Running you get the following value:
Mean Squared Error: 0.3236927921625923
Which is a decent result. If we want to graphically see the prediction capacity of the model compared to the dataset we can add the following code.
plt.scatter(y_test, y_pred)
plt.plot([0, max(y_test)], [0, max(y_test)], color='red', linestyle='--') # Aggiungi la linea x = y
plt.xlabel("Actual")
plt.ylabel("Predicted")
plt.title("Actual vs Predicted Prices")
plt.show()
As we can see from the graph, there is a whole series of elements of the dataset that have a target value greater than 5 (in reality they all have a value of 5.0001) since it would seem like an “off-scale” evaluation and therefore it would be better to eliminate them from the starting dataset . Let’s add and modify the previous code to take this fact into account.
# Remove all rows where the 'target' column value is greater than 5
data_cleaned = data.loc[data['target'] <= 5]
# Split data into training set and test set
X_train, X_test, y_train, y_test = train_test_split(data_cleaned.drop('target', axis=1), data_cleaned['target'], test_size=0.2, random_state=42)
Executing the code this time with the dataset cleaned of out-of-scale data we obtain the following results:
Mean Squared Error: 0.2733577250854457
As we can see the mean square error has reduced, and therefore we have gone in the right direction.

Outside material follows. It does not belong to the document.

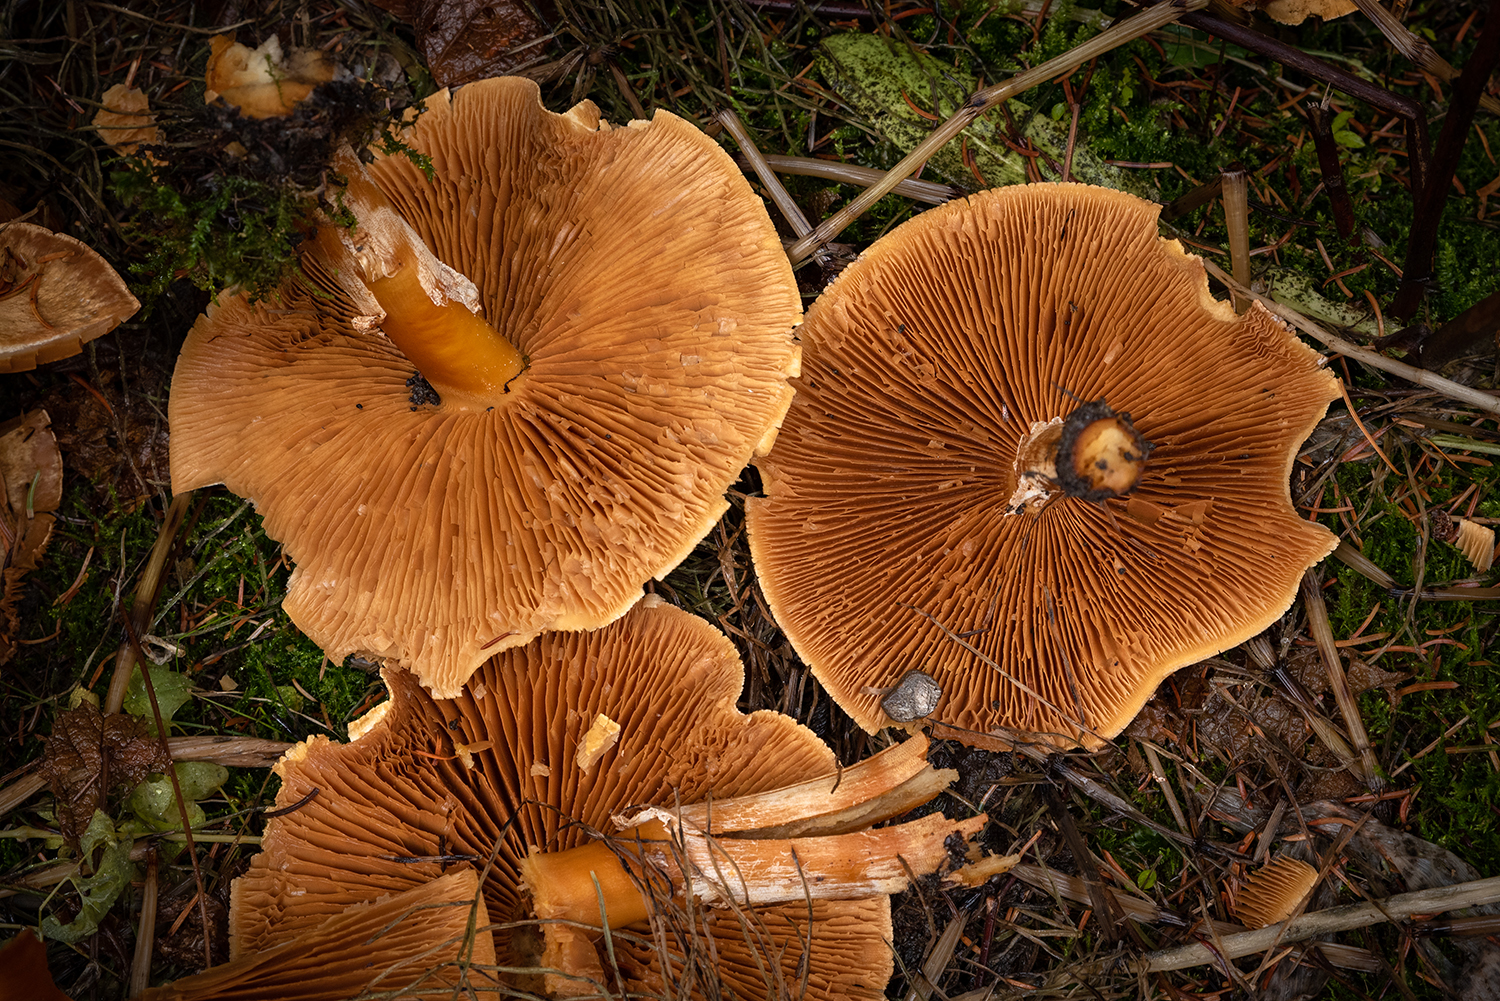 Kamloops Abstract mushrooms
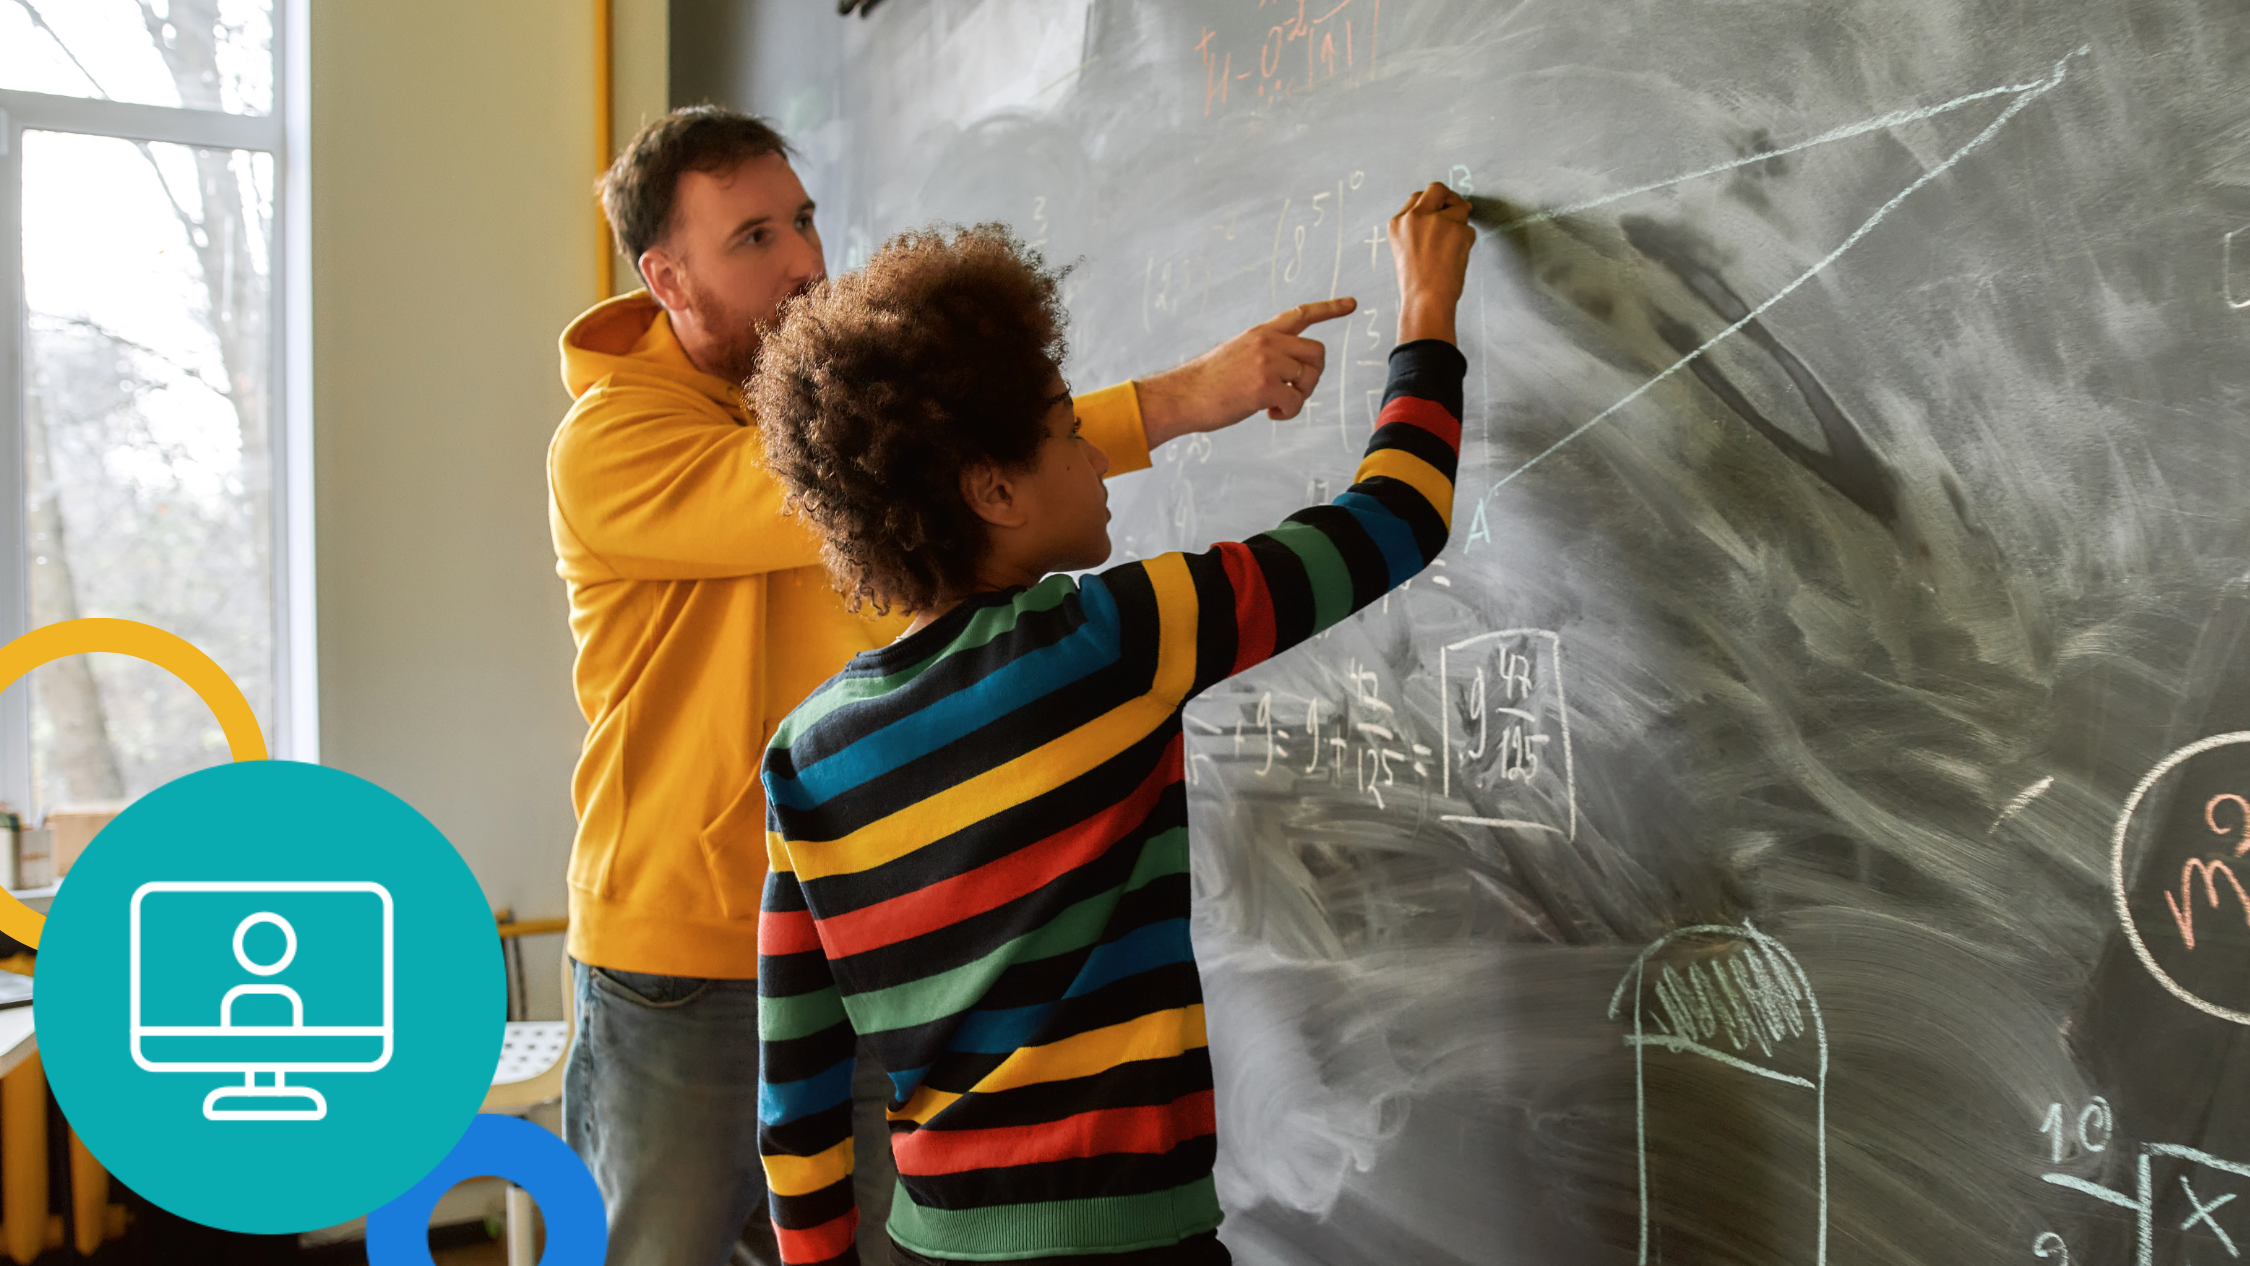 Teacher and student solving math equations on chalkboard webinar

When to use SVR in regression problems?
The choice of model depends on several factors, including the nature of the data, the dimensionality of the dataset, the distribution of the data, the presence of linear or non-linear relationships between the features and the target, and the desired performance. Here are some situations where using Support Vector Regression (SVR) might be preferable to other models provided by scikit-learn:
- Nonlinear Data: SVR can effectively handle nonlinear data through the use of nonlinear kernels such as the RBF kernel. If the data has a complex nonlinear structure, SVR may be an appropriate choice.
- Robustness to noisy data: SVMs are known for their robustness to noisy data. If your dataset contains many outliers or noisy data, SVR may be a better choice than models sensitive to noisy data such as linear regression.
- High dimensionality: SVR can effectively handle datasets with a large number of features, especially if there is a low fraction of relevant features (sparse data). Furthermore, thanks to the built-in regularization technique, SVR can help avoid overfitting even in the presence of many features.
- Little a priori knowledge about the data distribution: If you do not have clear a priori knowledge about the data distribution or the relationship between the features and the target, SVR can be a reasonable choice as it does not require specific assumptions about the data distribution.
- Tuning Flexibility: SVR offers several parameters that can be tuned to optimize model performance, such as kernel type, C regularization parameter, and kernel-specific parameters. This flexibility can be useful for adapting the model to the specific needs of the problem.
However, it is important to note that SVR may not always be the best choice. For example, if the regression problem is linear and there is no evidence of non-linear relationships between the features and the target, simpler models such as linear regression may be more appropriate and computationally less expensive. Therefore, it is always a good idea to carefully examine your data and experiment with different models to determine which one works best for your specific regression problem.